Cornerback Marshaun Cameron has experience playing both outside and in the slot, but he’s definitely on the smaller slot among this year’s prospects at the position (5-8, 189 pounds) and will need his tackling prowess to lead the way.

Manny Jones played as both a defensive end and a defensive tackle in his four years as a starter for the Rams. He was probably underappreciated throughout his entire tenure — according to Pro Football Focus, he never had an overall grade below 70 in five seasons — but he leaves Fort Collins as one of the most productive defenders in recent program history (13.5 sacks, 33 tackles for loss) and offers the kind of motor that could earn him an undrafted free agent deal.

Jordan Kress spent just one year with the Rams after transferring from conference rival New Mexico, but the former track star has speed you can’t teach and made himself a deep threat with it throughout his college career, averaging nearly 19 yards a catch in two years with the Lobos. While he isn’t the most physically imposing wide receiver in this year’s class (5-10, 195 pounds), his game speed and agility could be worth a roster spot in the long run.

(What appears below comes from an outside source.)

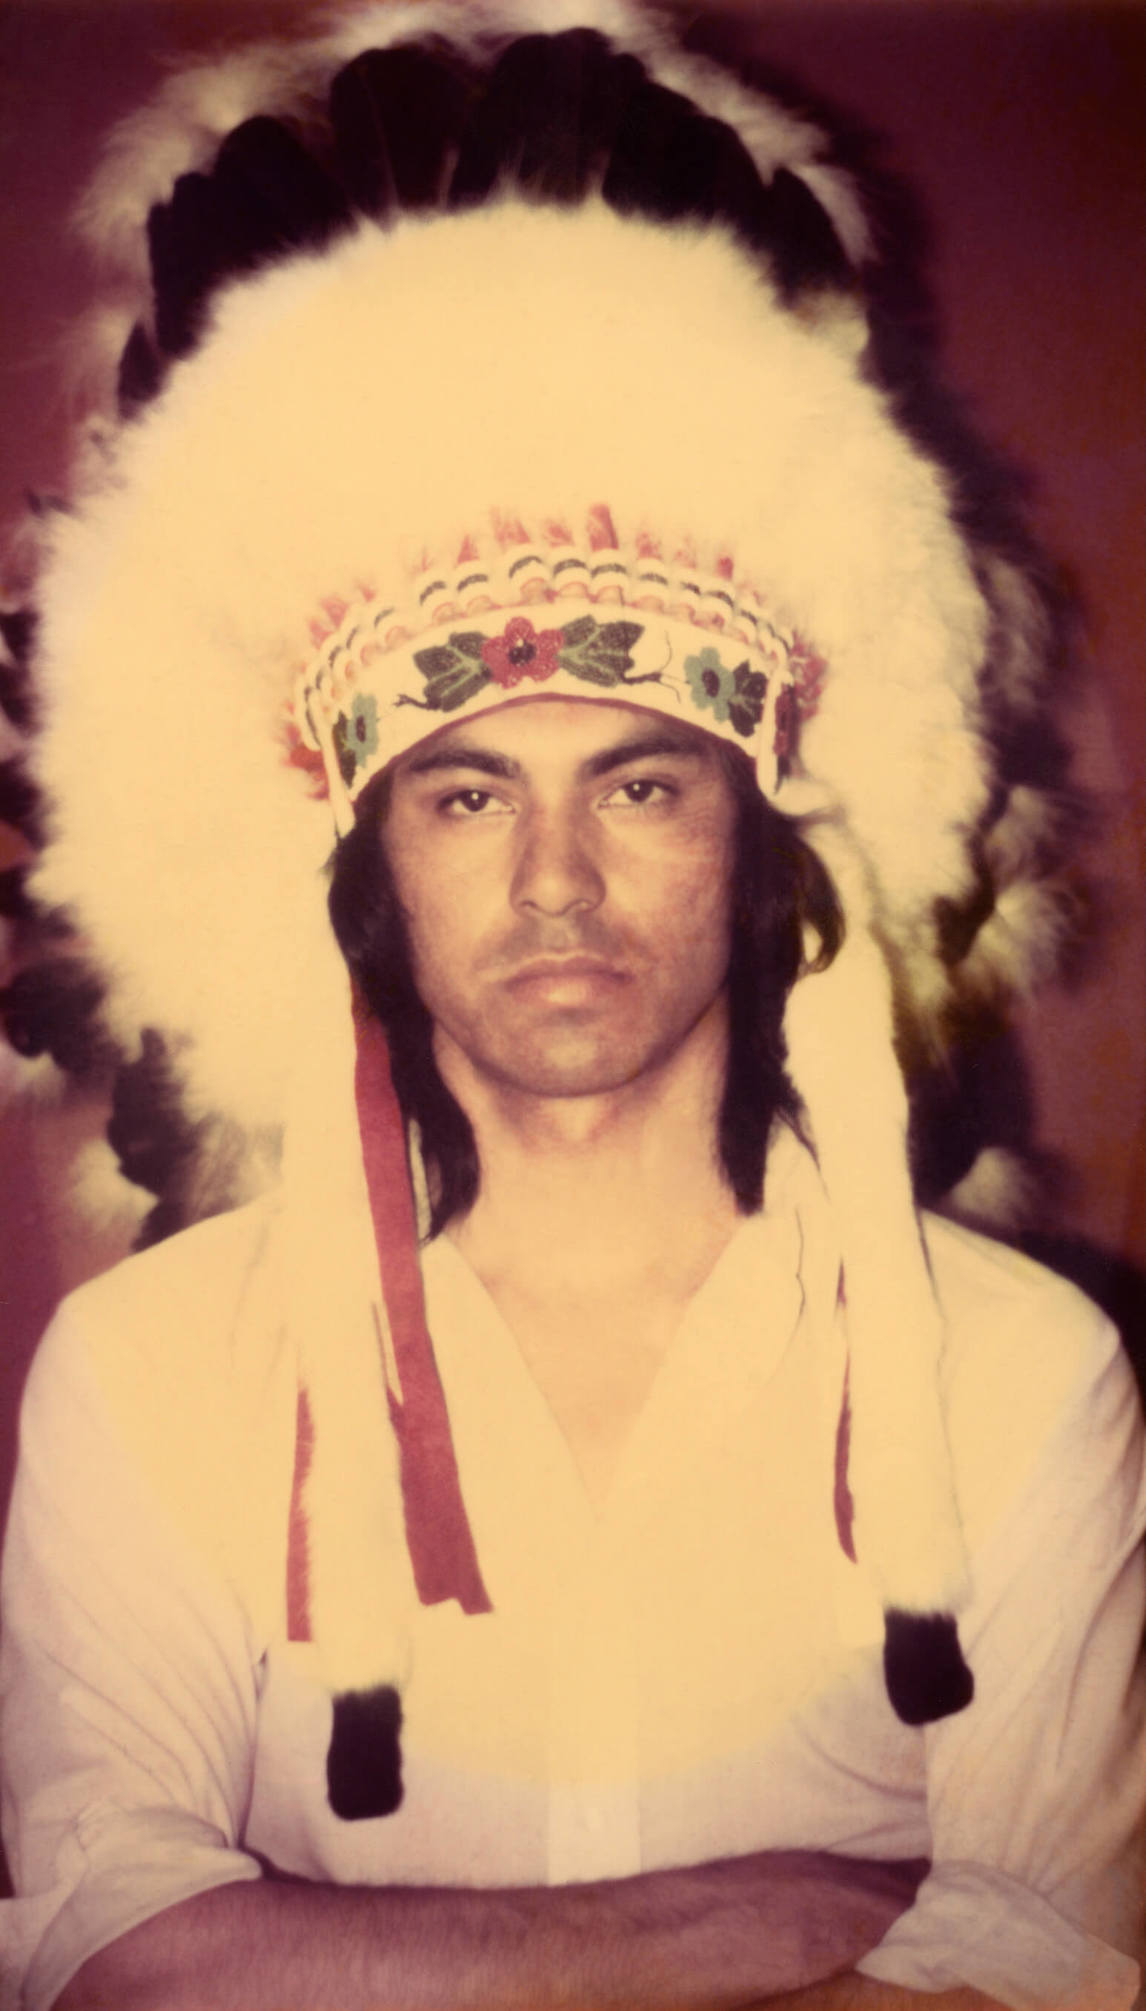  Robert Houle wearing a headdress, 1974

Ross Reiter was a quiet contributor to Ryan Stonehouse’s successes as the Rams long snapper, a job he held for four years and for which he earned a nod on the Patrick Mannelly Award watch list in 2021. Teams interested in a special teams upgrade might consider bringing him along with Stonehouse as a tandem.

Logan Stewart did a little bit of everything in the Colorado State defensive backfield, though he spent most of his time at safety. A hard-hitting competitor who isn’t afraid to bet on himself, he has intriguing speed (1.54 10-yard split) and athleticism (34 1/2-inch vertical) that could make him a practice squad project worth refining.

After taking on a full-time starting role in 2018, Barry Wesley spent four seasons as a mainstay on the Rams offensive line, spending plenty of time at both tackle and guard. He definitely has the physical profile (6-6, 312 pounds) to play in the pros, but how quickly he can make adjustments against NFL speed will do a lot to determine how long he hangs around.

Linebacker Anthony Koclanakis transferred to Colorado State after two years at FCS Murray, earning a 2019 first-team all-OVC nod after picking up 120 tackles, but he never broke through with the Rams and is probably undersized (5-11, 219 pounds) and a touch too slow (4.82 40-yard time) as a NFL prospect.